The most obviously improved part of the X3 is the memory hierarchy. The prior generation EXA2 supported both Itanium and Xeon processors. Due to physical differences in the front-side buses, this required a two-chip architecture, as depicted in Figure 3; one chip handling the front side-bus (FSB), the other containing memory and I/O controllers. Unfortunately, this introduced an extra chip to chip interconnect and the associated latency between the MPUs and the I/O and memory, reducing performance. To mitigate this penalty, an L4 cache was added, connecting to the FSB controller.
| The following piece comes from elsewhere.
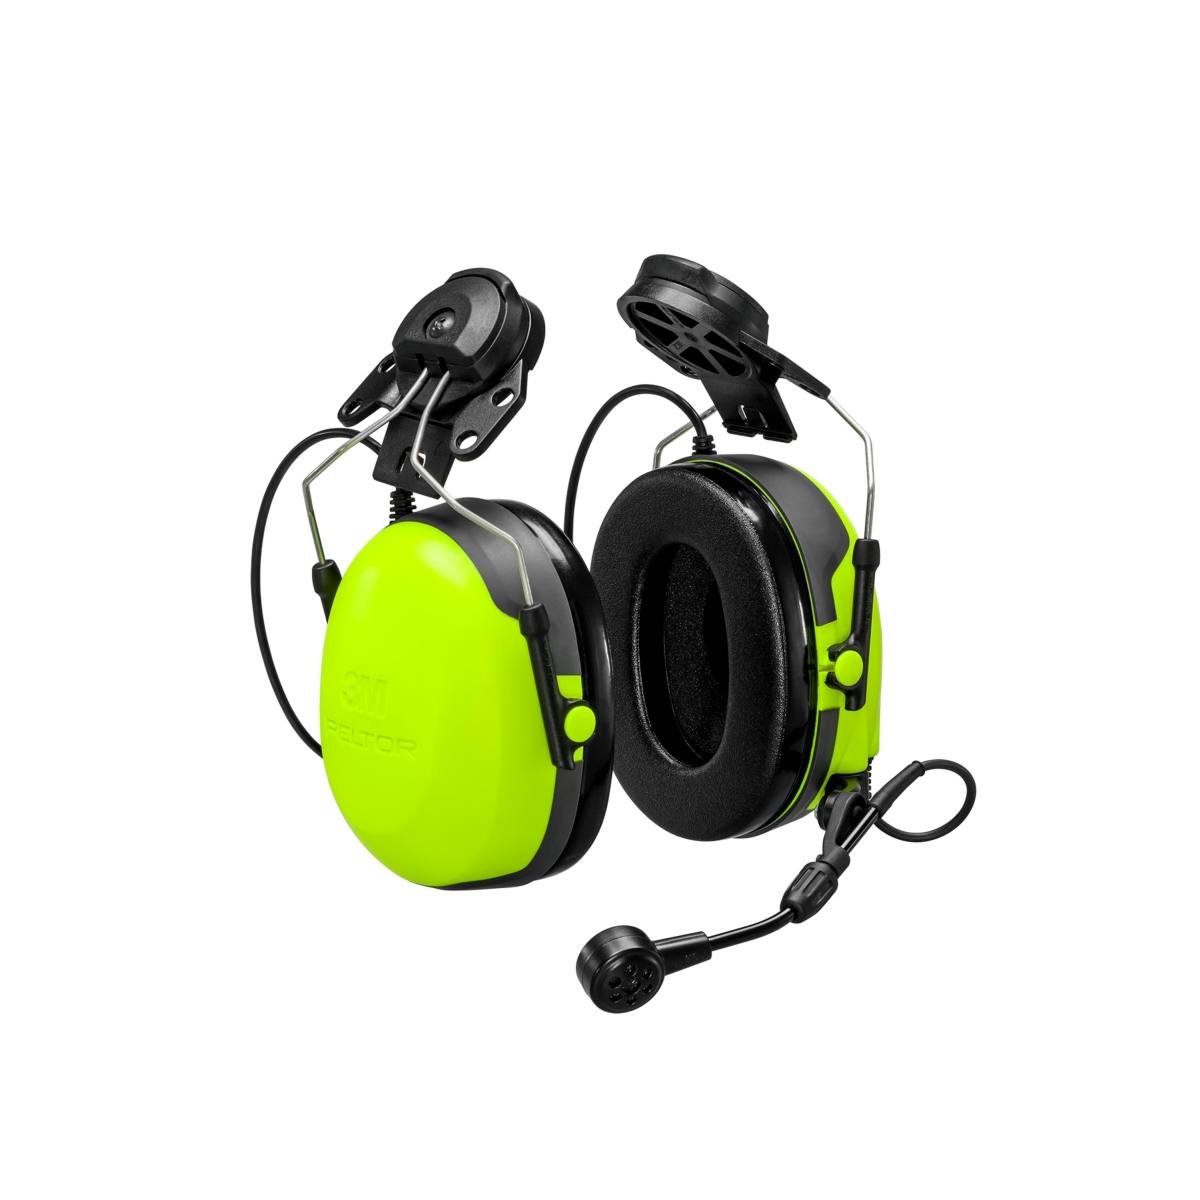 3M PELTOR CH-3 Hearing protection headset with PTT, helmet attachment, yellow, MT74H52P3E-111

In a move mirroring the revisions to the pSeries system architecture, the X3 eliminated the extraneous chip interconnects and the chipset functionality has mostly been consolidated onto a single chip. Consequently, memory accesses require one less interconnect hop, reducing latency substantially. This also allowed IBM to drop the L4 cache from their design altogether, further decreasing costs and design complexity. As a result, local memory latency for the X3 is a blistering 108ns, compared to 265ns for the prior generation. These changes can be seen below in Figure 4.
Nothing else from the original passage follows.